The MSCI Emerging Markets Index, which tracks 24 emerging countries with 1,386 components, has risen 12% so far this month, the biggest gain since March 2016, twice the pace of its European counterpart and five times the gains of the S&P 500.

The relationship between emerging and US assets jumped to 9.5% this monththe highest range since May 2009.

“New cycles bring new leadership and after the longest bearish period for the emerging market, we see a strong recovery in their prices in 2023,” they projected from Morgan Stanley.

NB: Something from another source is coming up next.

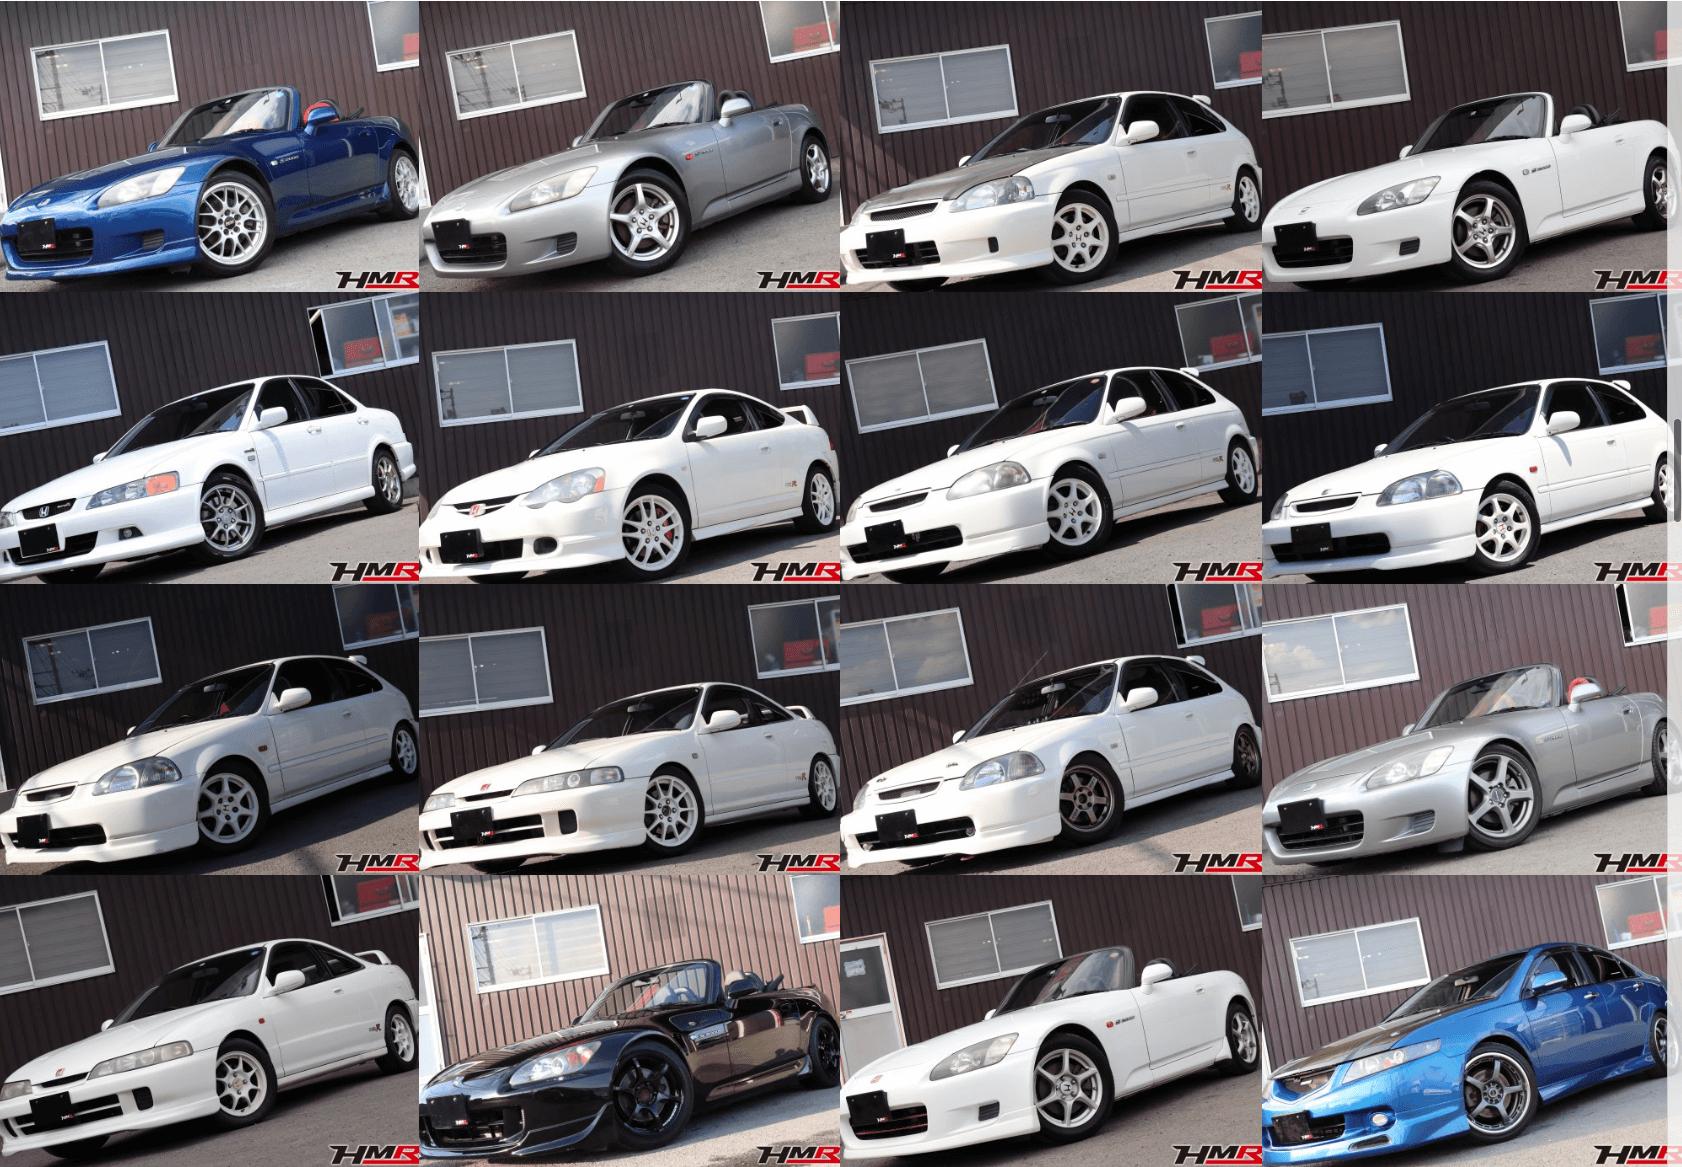 ホンダスポーツカー一覧

In the same way, emerging currencies appreciated 3.1%, in their best performance since March 2016.

Another reason for the increases is the monetary policy of the central banks of these countries.

Several emerging countries such as Brazil and Hungary raised their interest rates proactively -before in the core countries- leading to real interest rates returning higher than those of developed countries, if measured cumulatively, favoring activities of the call “carry trade” in these markets.

Lastly, emerging market bonds also outperformed US bonds in November, with gains not seen since 2016, reversing a year of heavy losses for dollar- and local-currency-denominated bonds.